• [AIM OF THE EXERCISE] Copy out the full data exactly as given; pictures should not be included.

• [DATA BELOW]
= = = = = = =
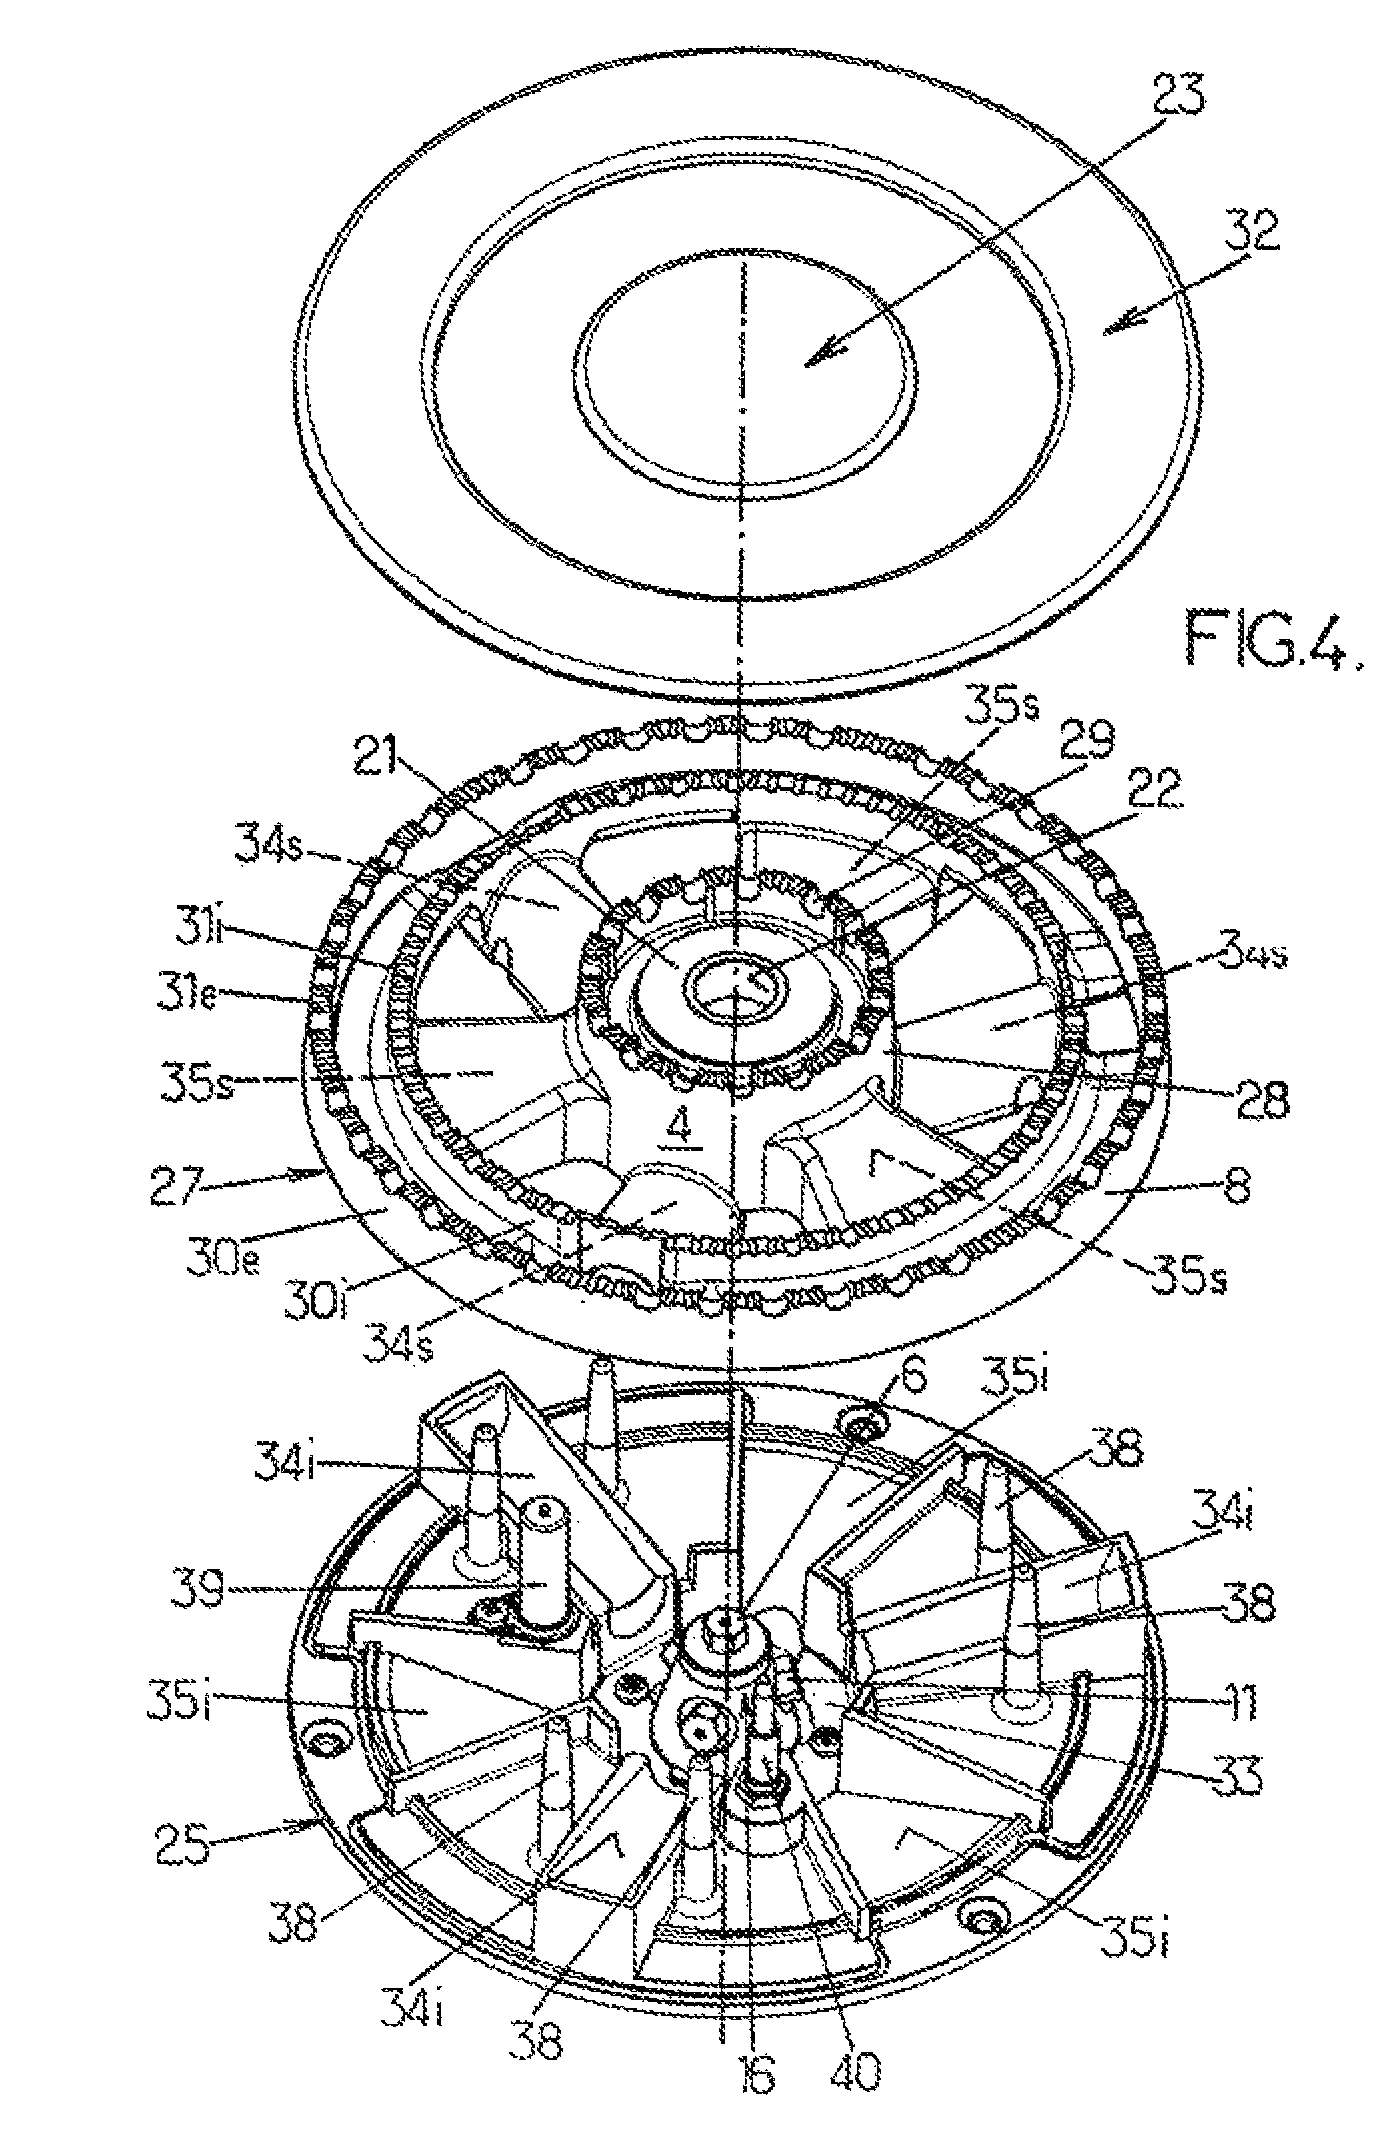 Gas burner with multiple concentric flame rings
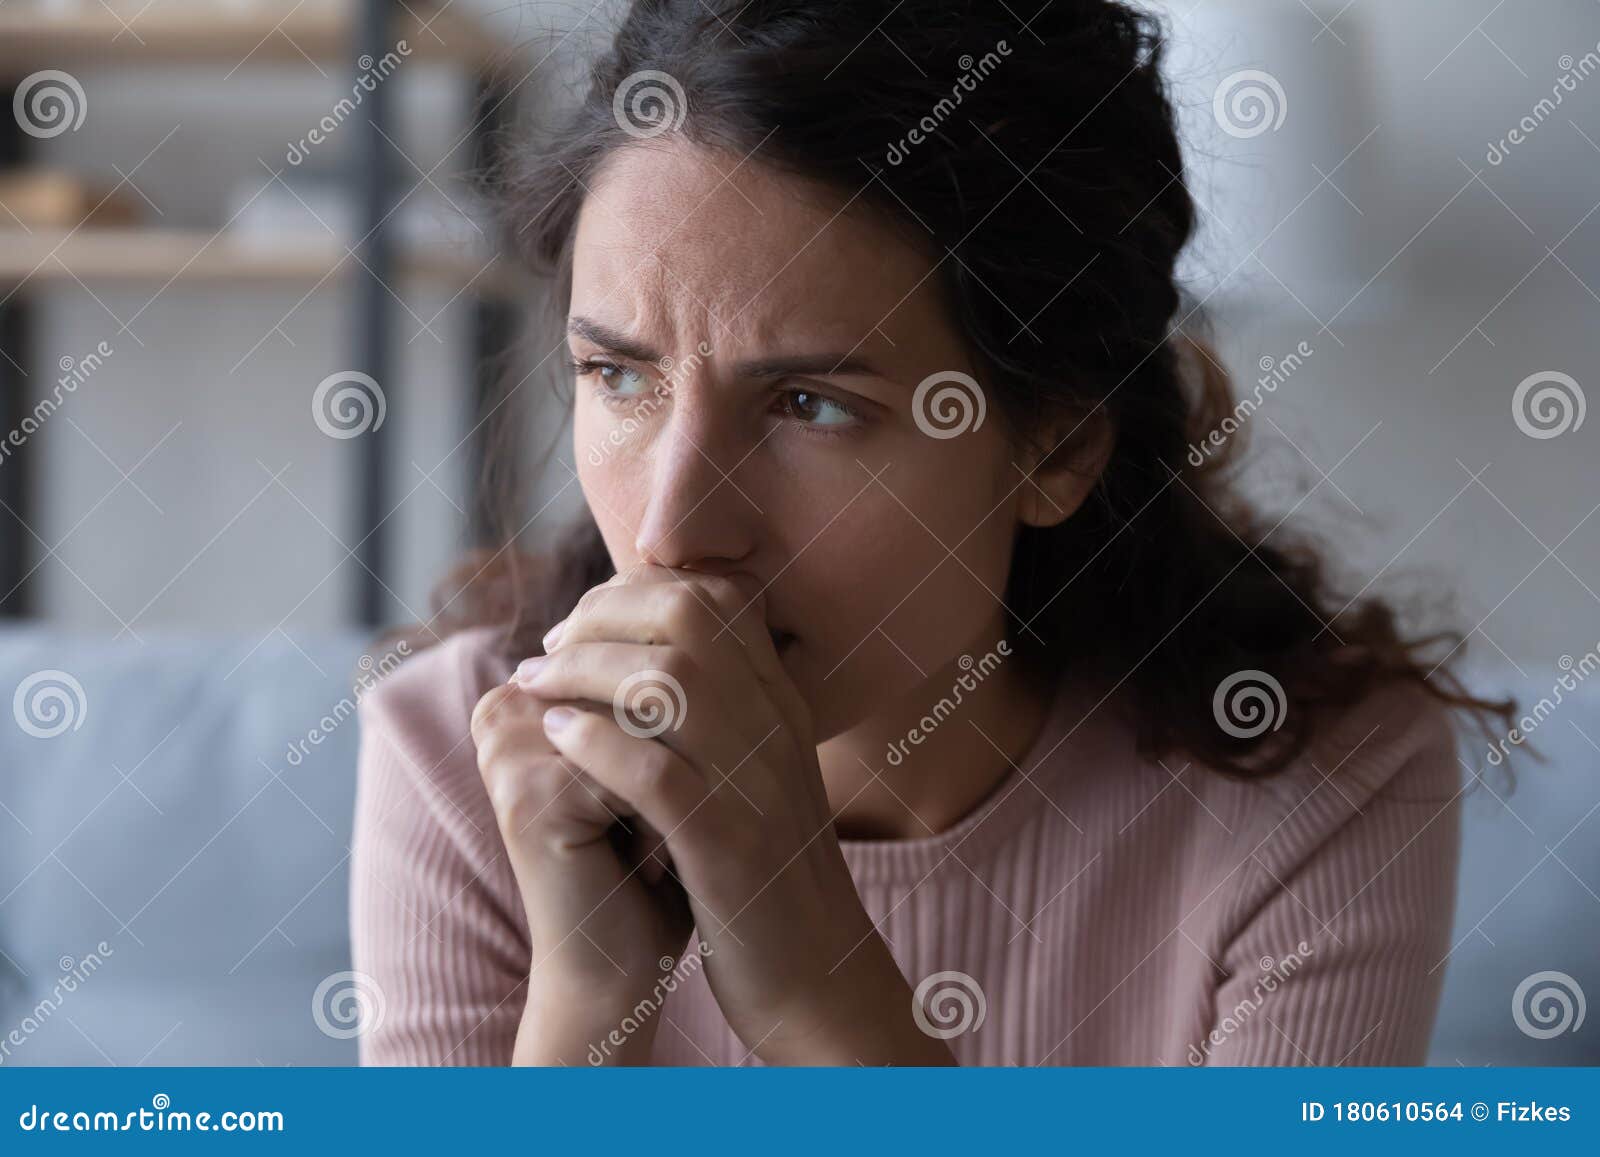 frustrated stressed young woman thinking of difficult decision.
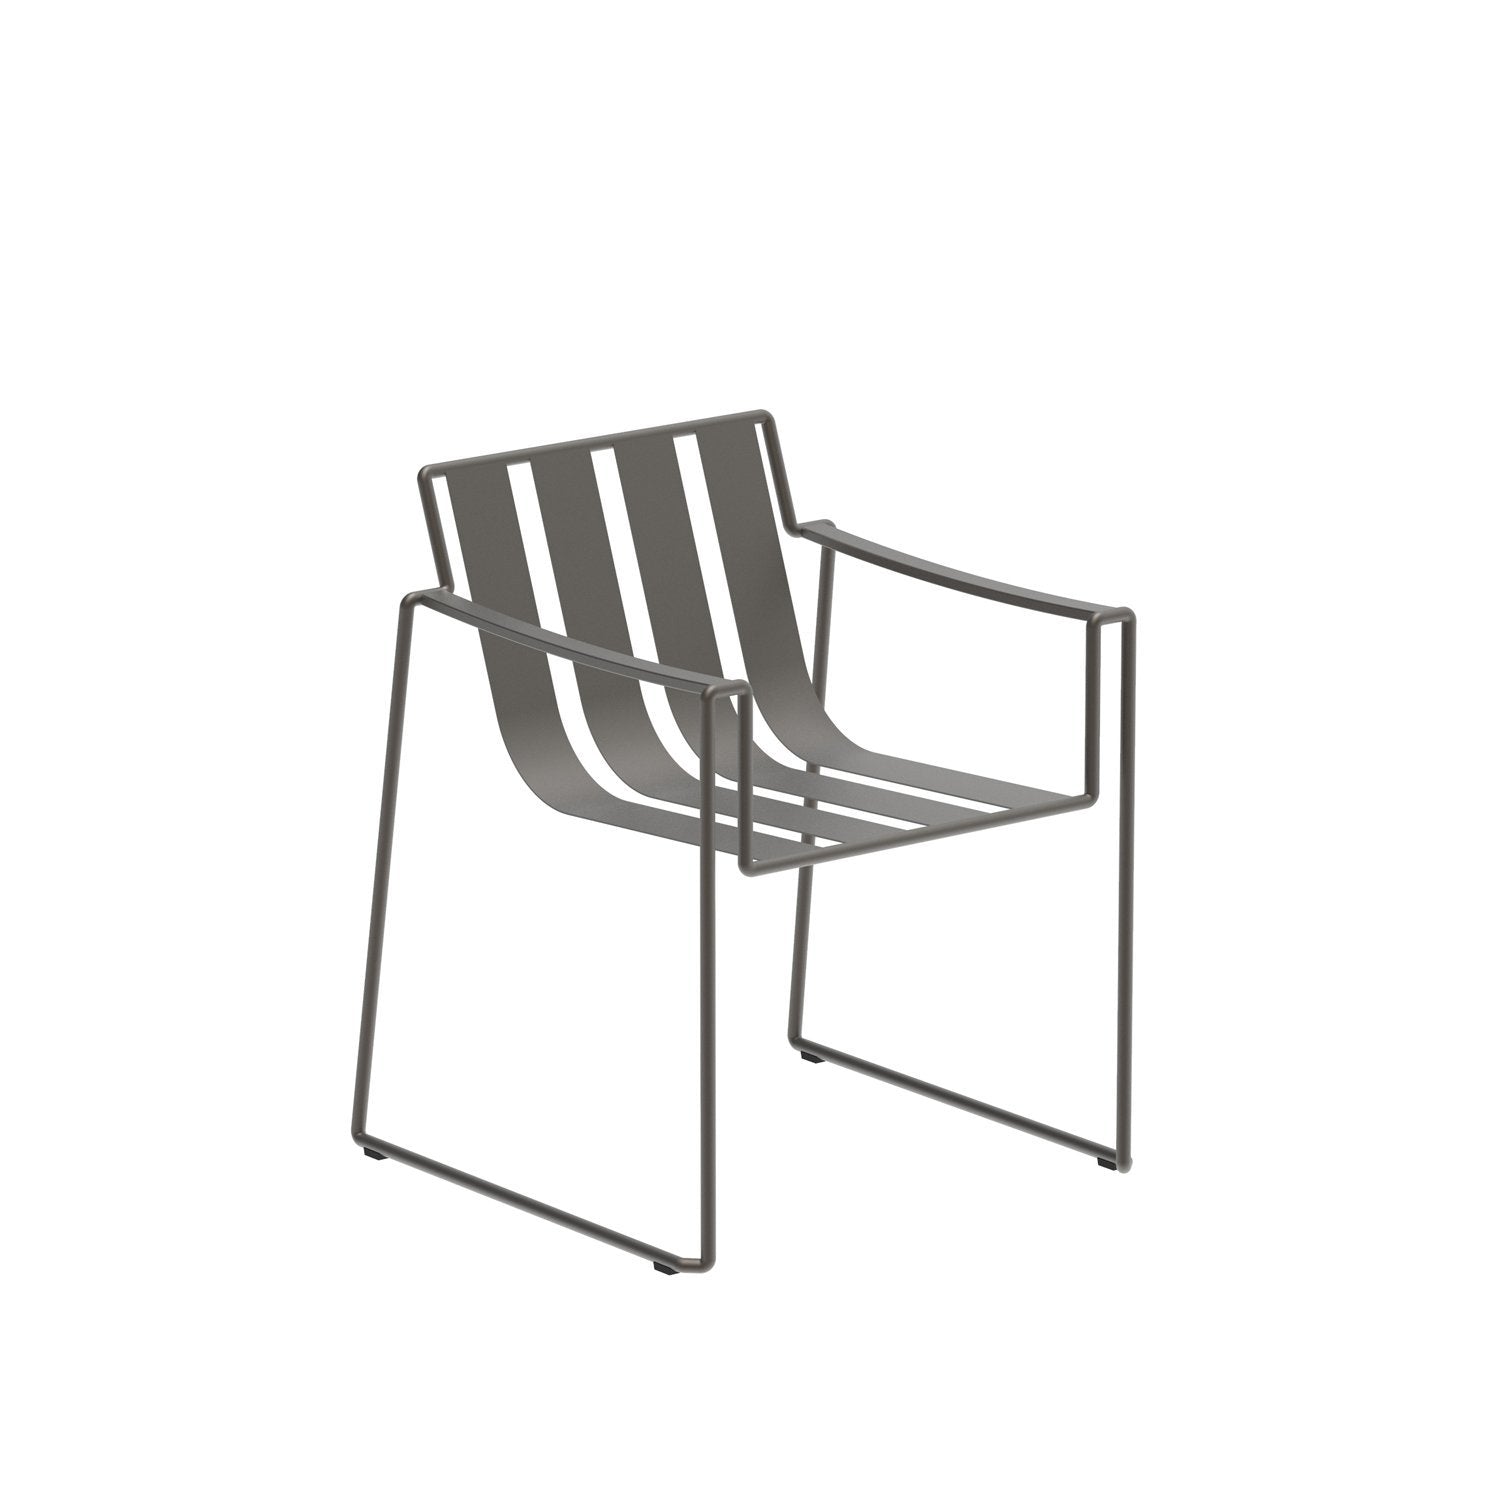 Strappy 55 chair with black frame
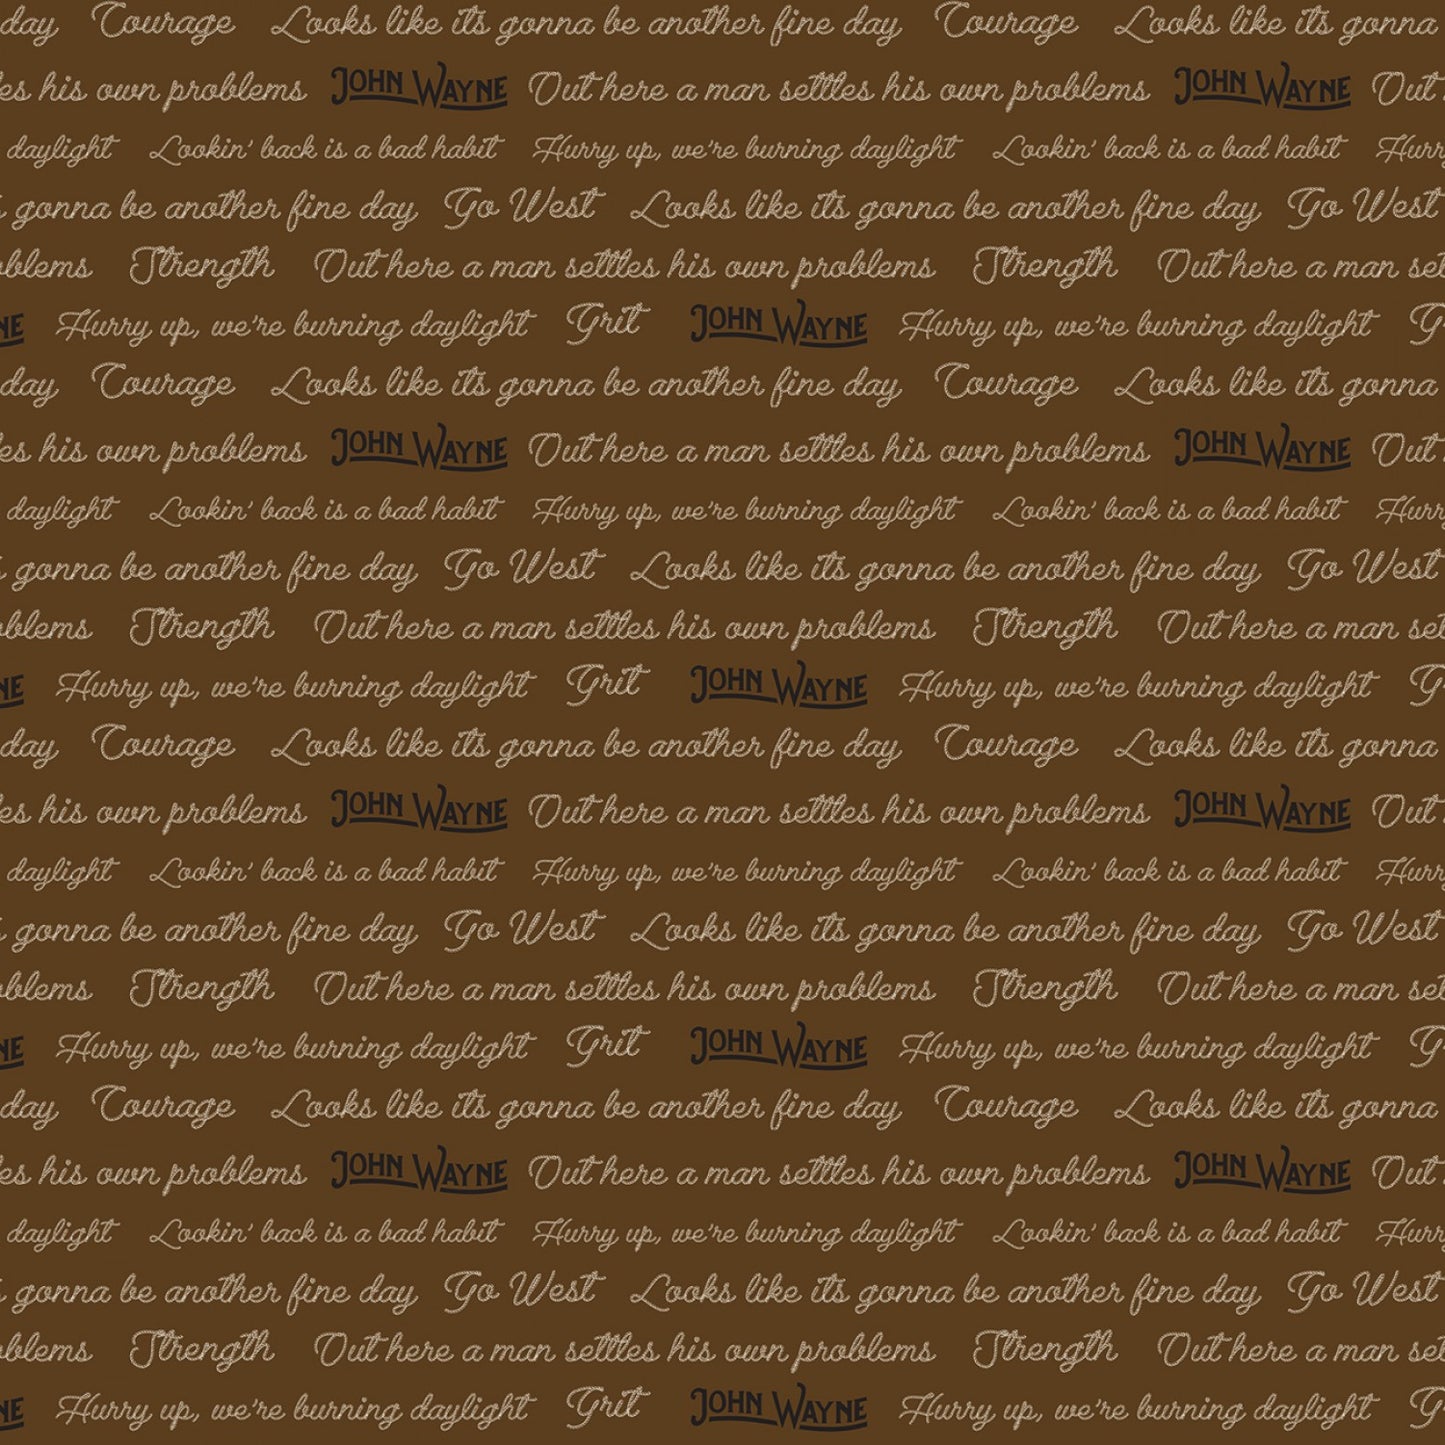 Licensed Go West with John Wayne Quotes Brown     C12193R-BROWN Cotton Woven Fabric
= = = = = = =
• [RESPONSE TO THE TASK]
 Gas burner with multiple concentric flame rings
 frustrated stressed young woman thinking of difficult decision.
 Strappy 55 chair with black frame
 Licensed Go West with John Wayne Quotes Brown     C12193R-BROWN Cotton Woven Fabric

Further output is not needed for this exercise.